**GIVEN RECORDS**.
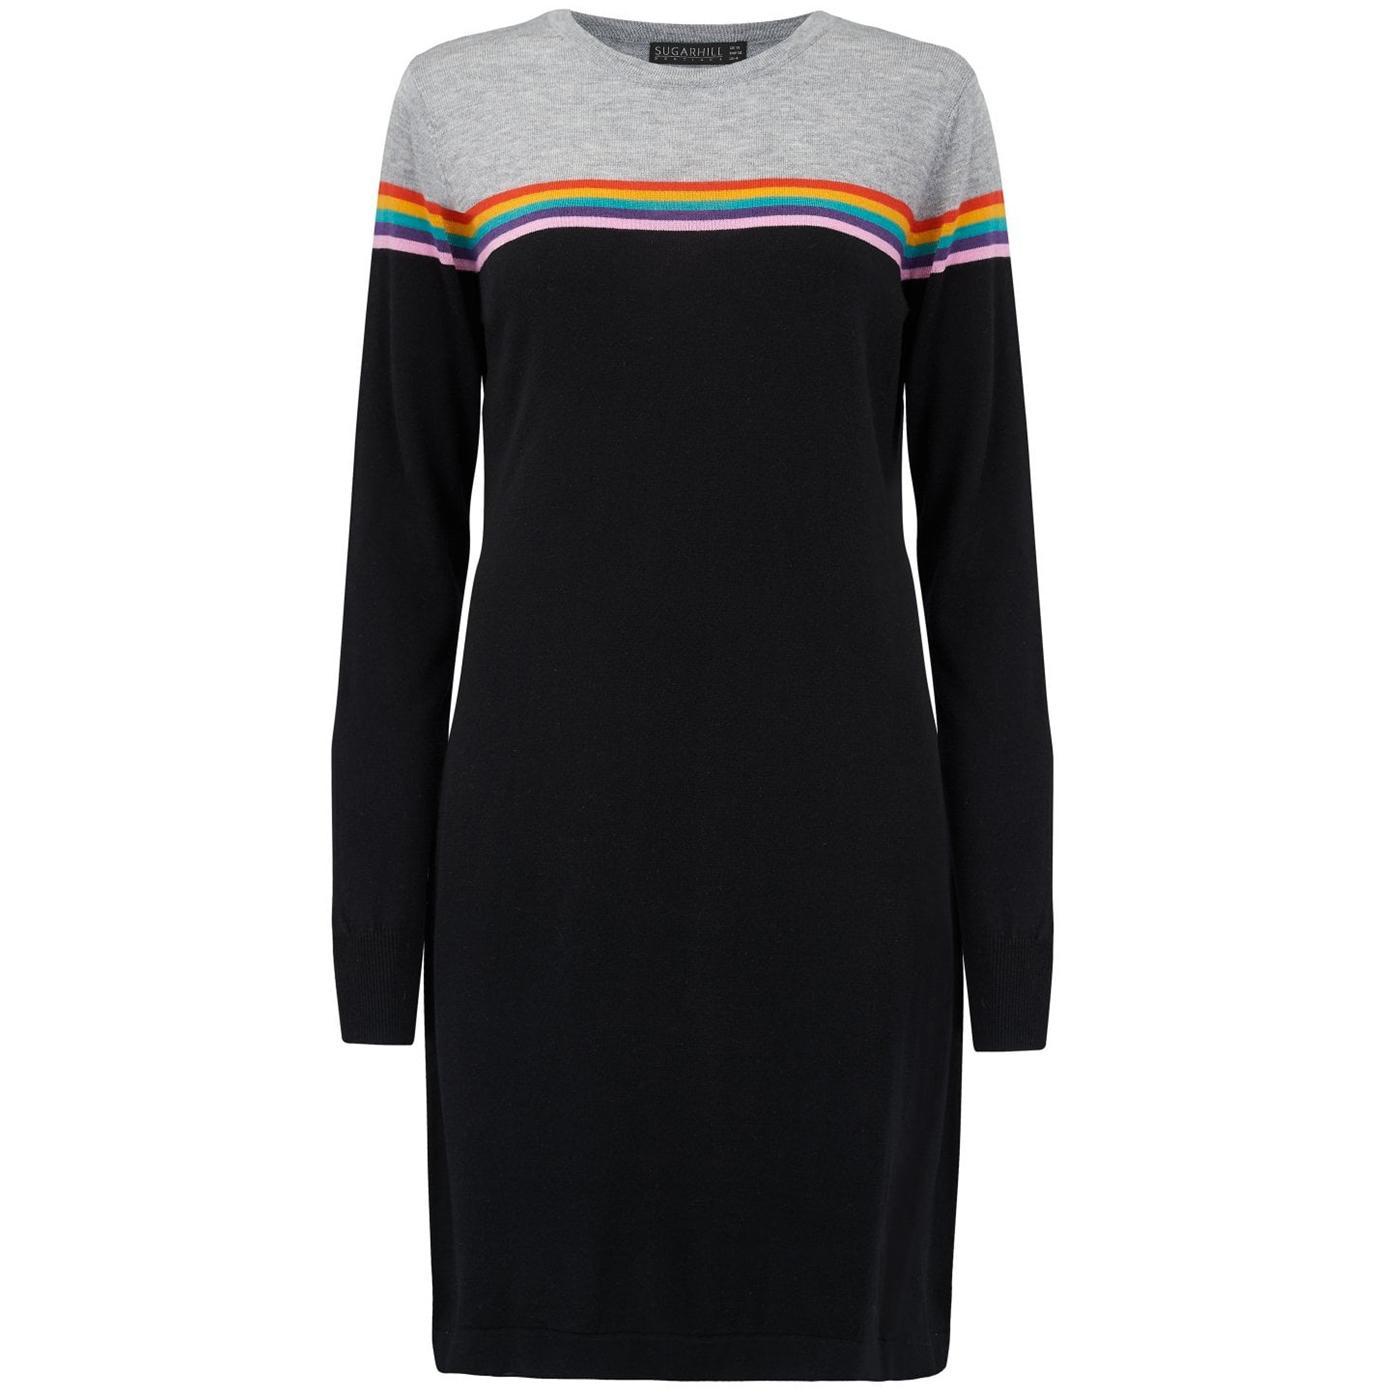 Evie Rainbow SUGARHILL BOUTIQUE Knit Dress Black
---
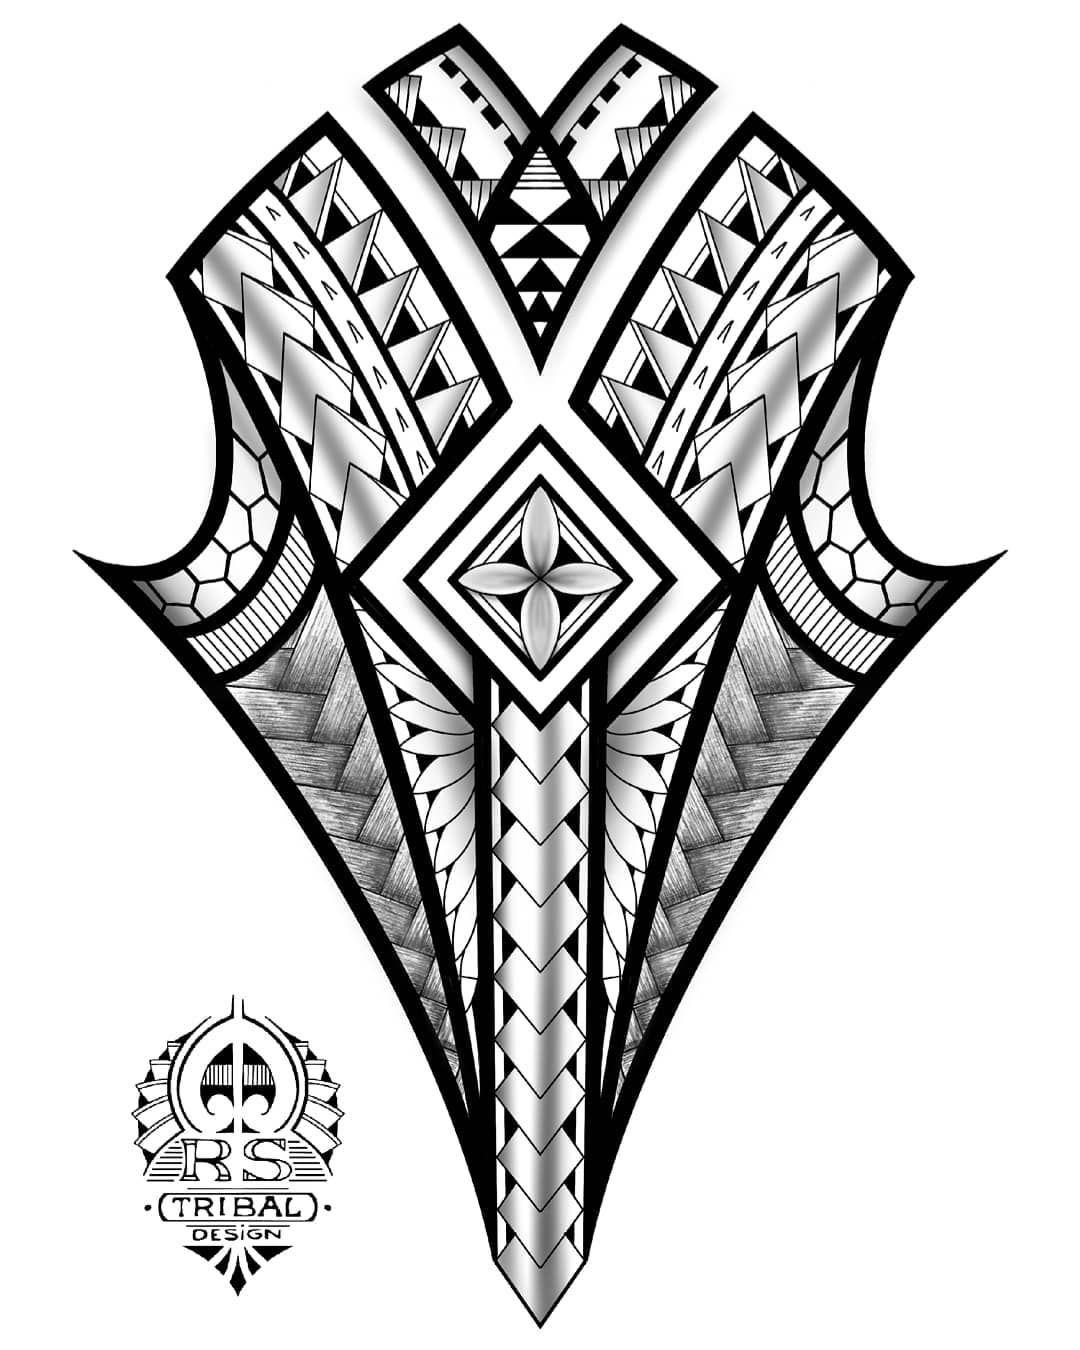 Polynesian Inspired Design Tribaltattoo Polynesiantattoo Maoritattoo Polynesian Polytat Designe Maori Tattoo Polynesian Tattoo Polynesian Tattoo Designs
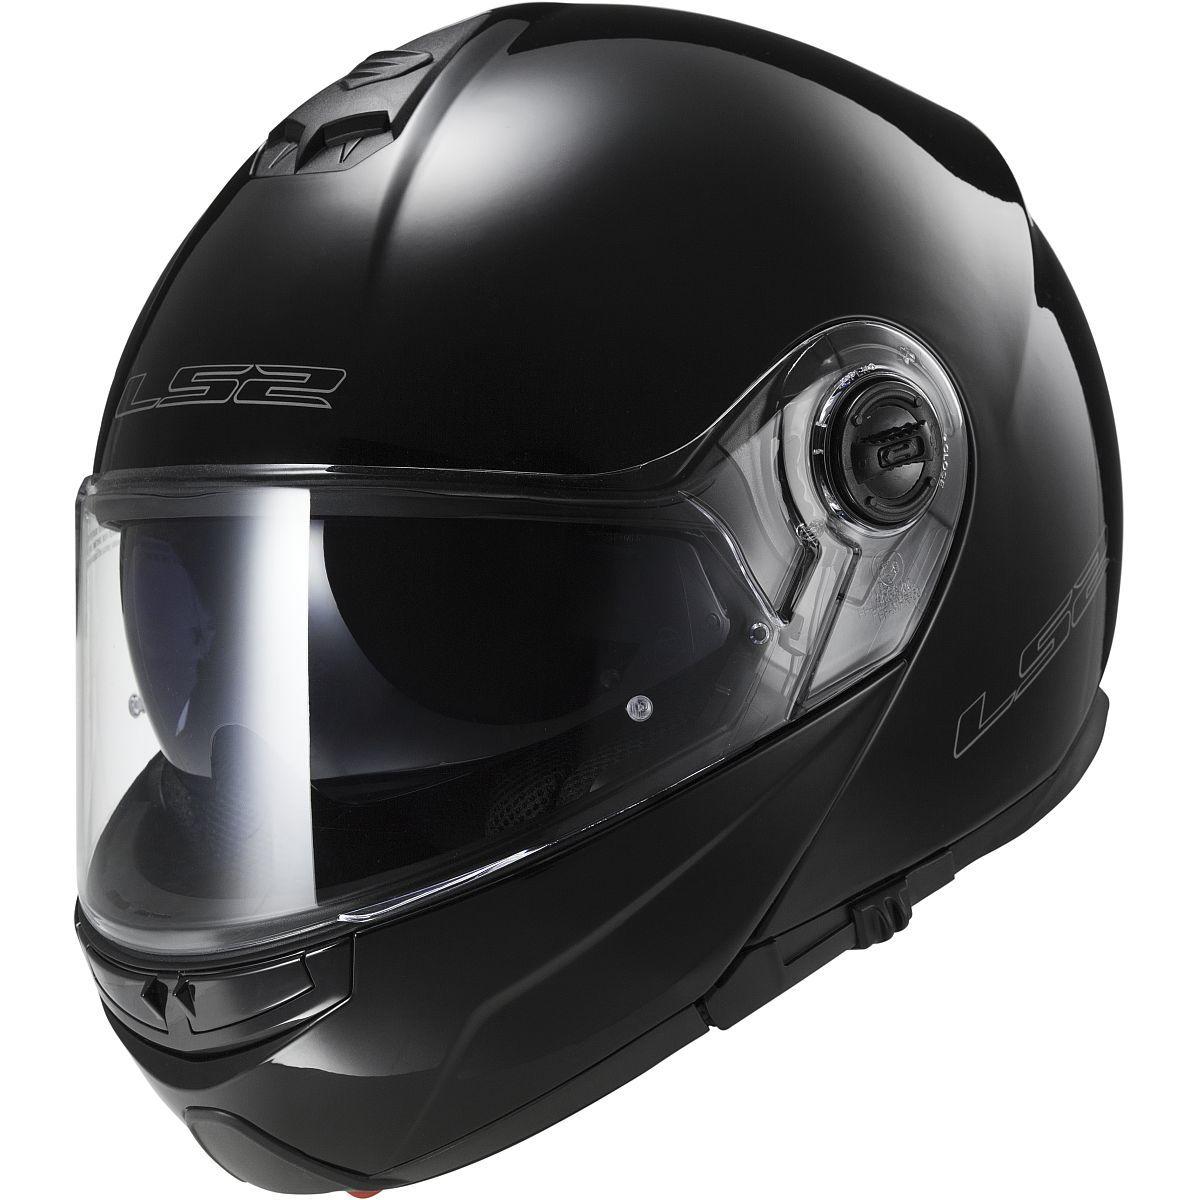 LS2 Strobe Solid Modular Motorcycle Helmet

**EXERCISE AIM**. Above is the material; set down exactly its lines from the one containing "Polynesian Inspired Design" down to the one containing "LS2 Strobe Solid Modular Motorcycle Helmet", both included, leaving out any pictures.

**REPLY**.
 Polynesian Inspired Design Tribaltattoo Polynesiantattoo Maoritattoo Polynesian Polytat Designe Maori Tattoo Polynesian Tattoo Polynesian Tattoo Designs
 LS2 Strobe Solid Modular Motorcycle Helmet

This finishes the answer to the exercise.